Ginsenosides retard atherogenesis via remodelling host–microbiome metabolic homeostasis

Abstract Background and Purpose Panax ginseng is widely applied in the adjuvant treatment of cardiometabolic diseases in clinical practice without clear mechanisms. This study aims to clearly define the efficacy and underlying mechanism of P. ginseng and its active components in protecting against atherosclerosis. Experimental Approach The anti‐atherogenic efficacy of total ginseng saponin extract (TGS) and its components was evaluated on Ldlr −/− mice. Gut microbial structure was analysed by 16S rRNA sequencing and PCR. Bile acid profiles were revealed using targeted metabolomics with LC–MS/MS analysis. The contribution of gut microbiota to atherosclerosis was assessed by co‐housing experiments.

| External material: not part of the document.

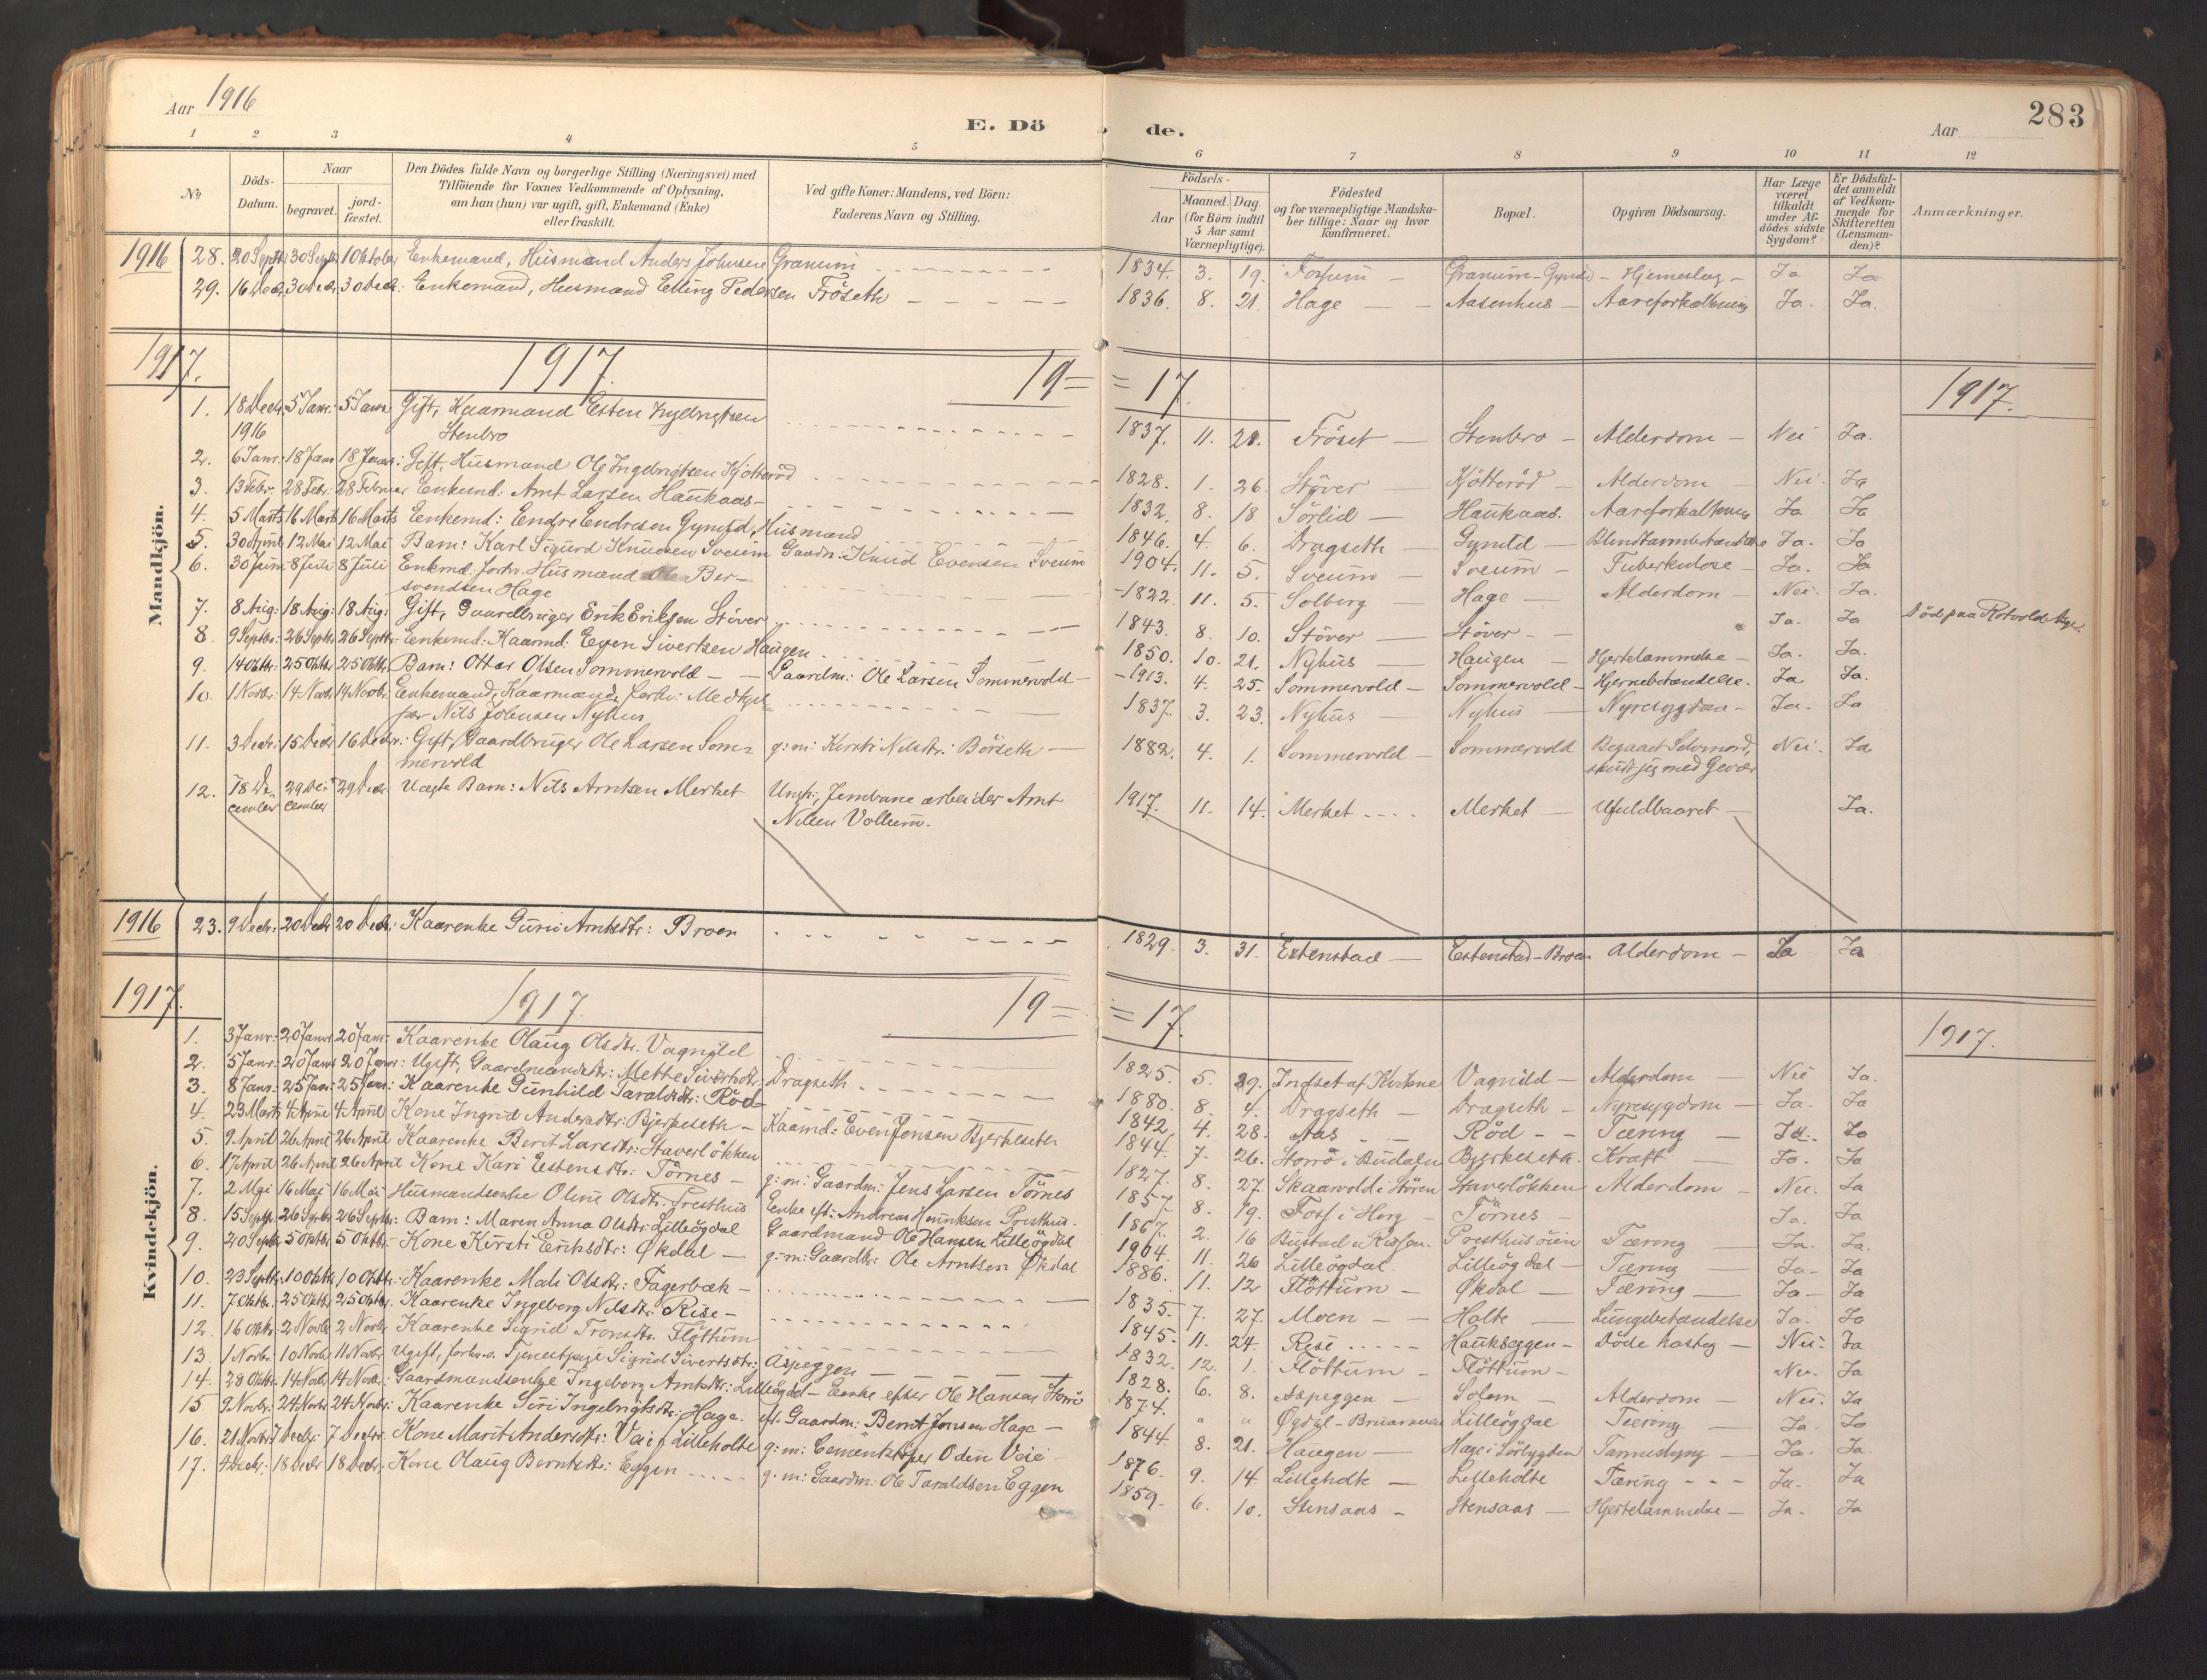 SAT, Ministerialprotokoller, klokkerbøker og fødselsregistre - Sør-Trøndelag, 689/L1041: Ministerialbok nr. 689A06, 1891-1923, s. 283

Key Results Ginsenoside Rb1, representing protopanaxadiol (PPD)‐type saponins, increased intestinal Lactobacillus abundance, resulting in enhanced bile salt hydrolase (BSH) activity to promote intestinal conjugated bile acid hydrolysis and excretion, followed by suppression of enterohepatic farnesoid X receptor (FXR)–fibroblast growth factor 15 (FGF15) signal, and thereby increased cholesterol 7α‐hydroxylase (CYP7A1) transcriptional expression and facilitated metabolic elimination of cholesterol. Synergistically, protopanaxatriol (PPT)‐type saponins, represented by ginsenoside Rg1, protected against atherogenesis‐triggered gut leak and metabolic endotoxaemia. Ginsenoside Rg1 directly induced mucin production to nutritionally maintain Akkermansia muciniphila , which reciprocally inhibited gut permeation. Rb1/Rg1 combination, rather than a single compound, can largely mimic the holistic efficacy of TGS in protecting Ldlr −/− mice from atherogenesis. Conclusion and Implications Our study provides strong evidence supporting TGS and ginsenoside Rb1/Rg1 combinations as effective therapies against atherogenesis, via targeting different signal nodes by different components and may provide some elucidation of the holistic mode of herbal medicines.